In a trial to show non-inferiority, the tab is the same except that ‘Target Rate Differences’ are now ‘Target Non-inferiority Margins’.

Visits

If longitudinal modeling is not being used, then simply the time to the final visit is specified:

Otherwise the visit schedule needs to be specified. The last visit in the schedule is taken to be when the final endpoint is observed. Visits can be specified one at a time by entering the week of the visit and then clicking ‘Add’, or by specifying a regularly spaced sequence: select ‘Auto-Generate’, enter the number of visits, the week of the first visit and the number of weeks between each visit and then click ‘Generate’.

Individual visits can be deleted by selecting them in the list and clicking ‘Delete’. The default visit names can be edited by clicking the visit name and typing. The week of the visit and the visit index cannot be changed. Should it be necessary to change the week of a visit, the incorrect visit must be deleted and a new one with the correct week number added.

Variants

On this tab the user can specify that a number of design variants should be created. Currently the only design feature that can be changed is the sample size (maximum number of subjects).

If “multiple variants” is checked then the user can specify that simulations setups should be created for each simulation scenario with versions of the design with a different maximum number of subjects.

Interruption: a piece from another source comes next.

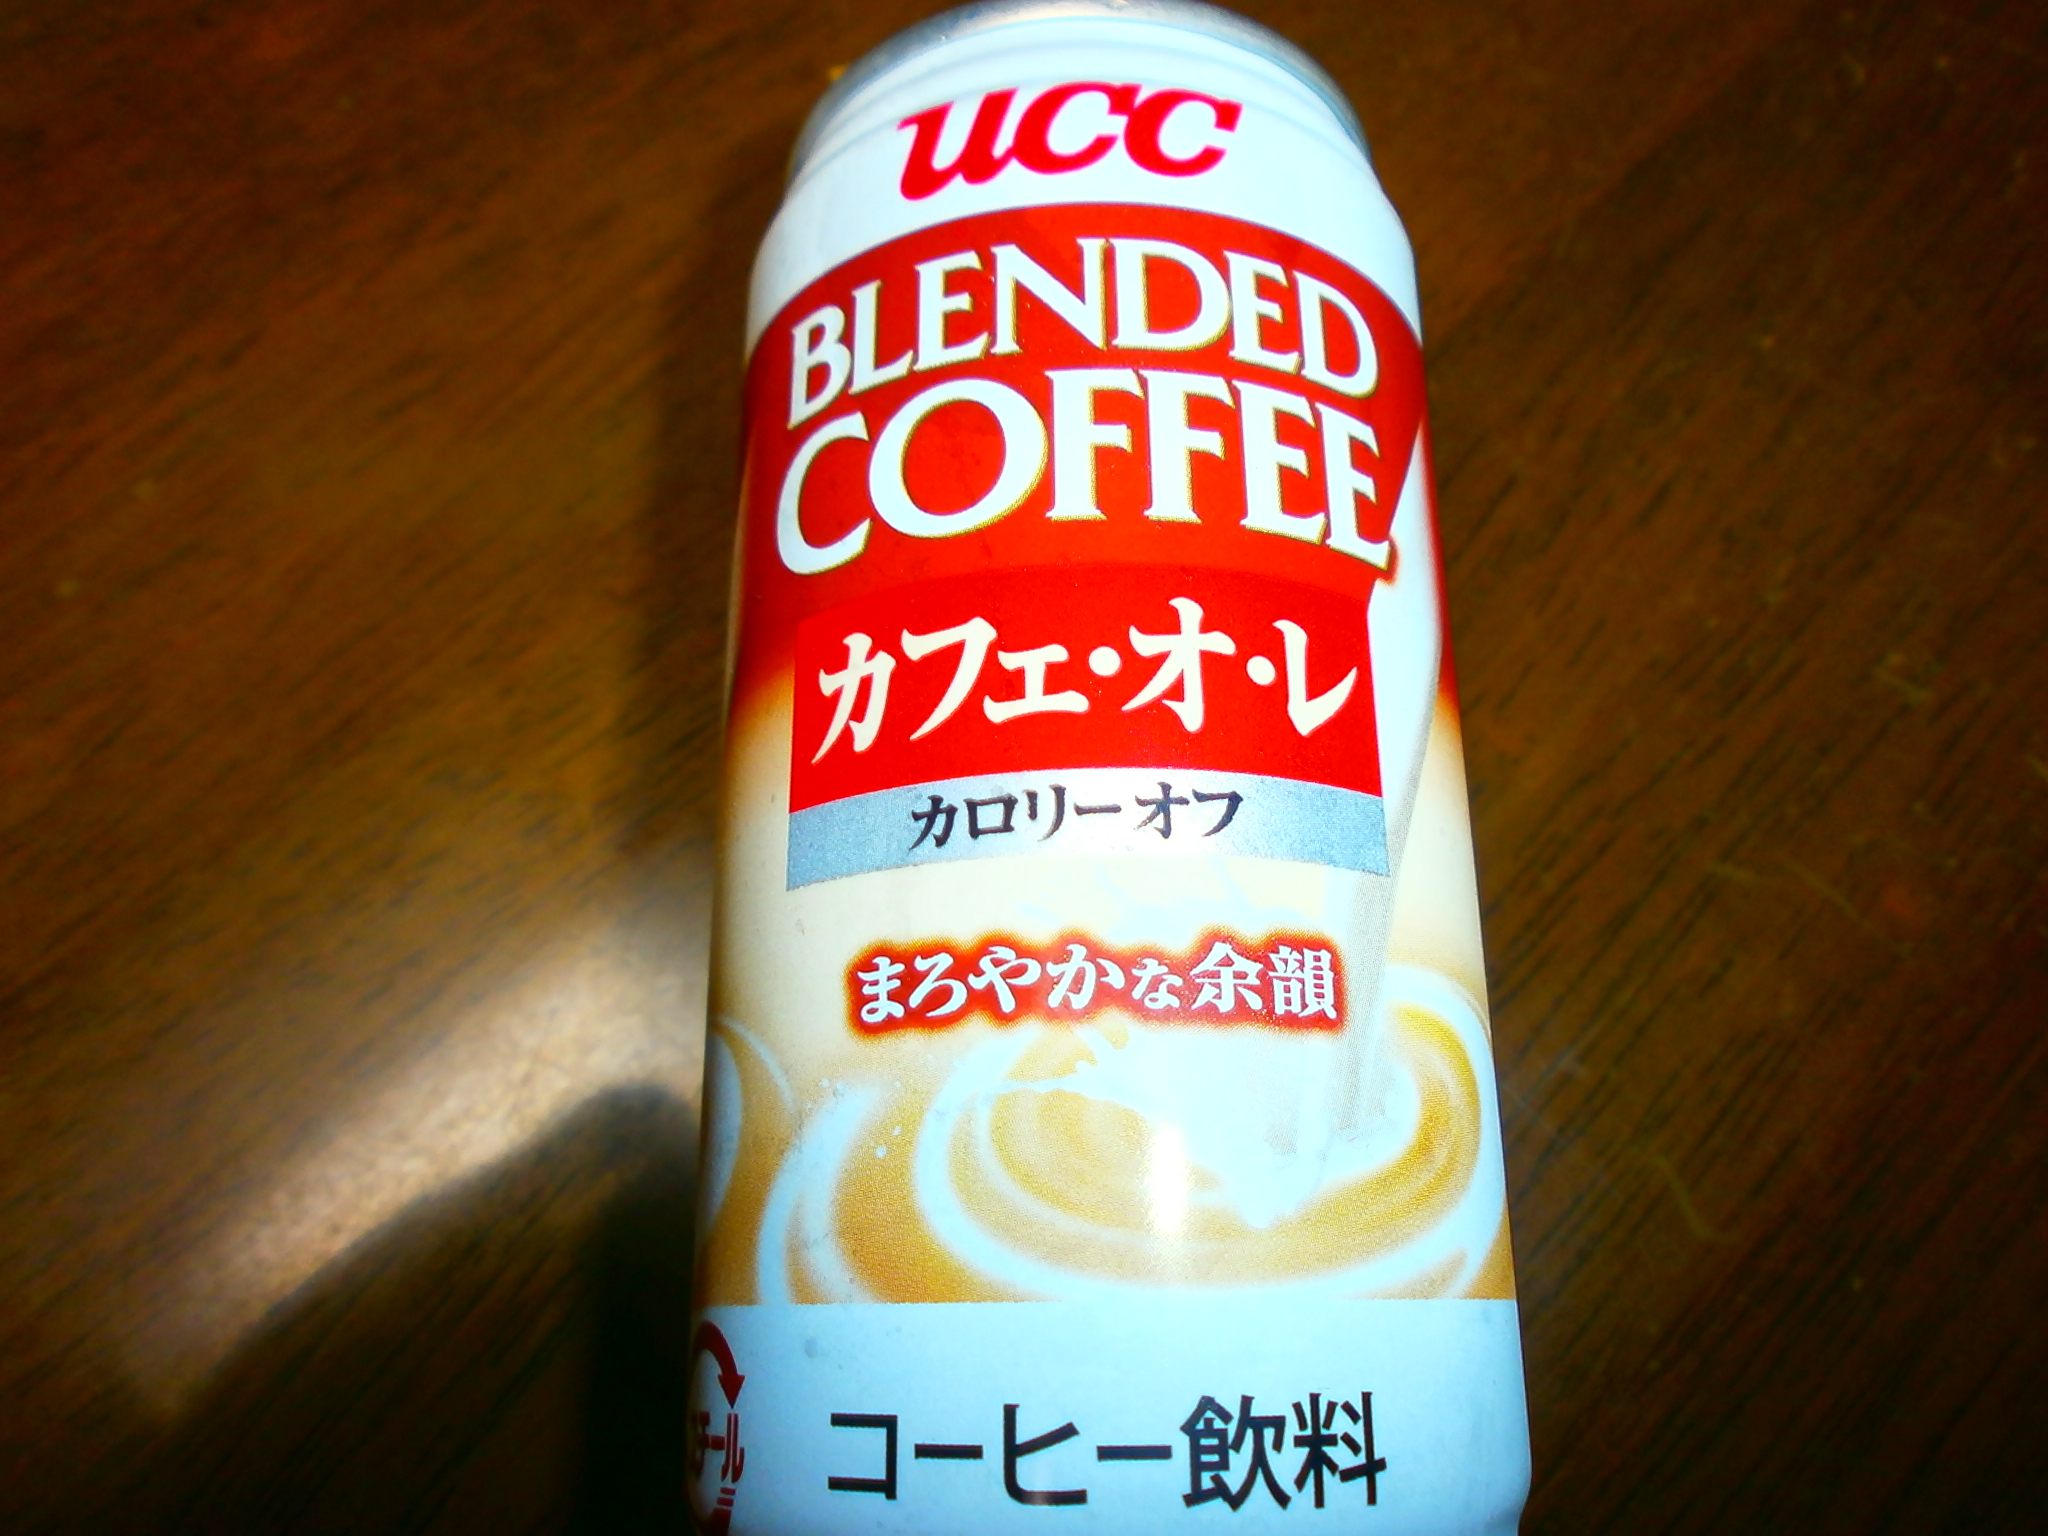 Café au lait calorias off (UCC)

The user enters the number of variants they wish to create. Then in the resulting table, enter different maximum subjects for each group that has had a cap specified on the Study > Study Info tab and maximum “Total Subjects” for each variant. On the simulations tab FACTS will then create a copy of all the scenarios to run with each variant.

In FACTS Enrichment Designs, as well as trial Success and Failure rates, a major Operating Characteristic that we often wish to estimate is the ability of the design (if the trial is successful) to select the ‘right’ groups, depending of course on the scenario being simulated. To enable FACTS to report this the user must specify on the Virtual Subject Response > Explicitly Defined > Group Response profiles which of the groups “Should succeed”, that is, it would constitute a ‘correct selection’ by the design in that scenario.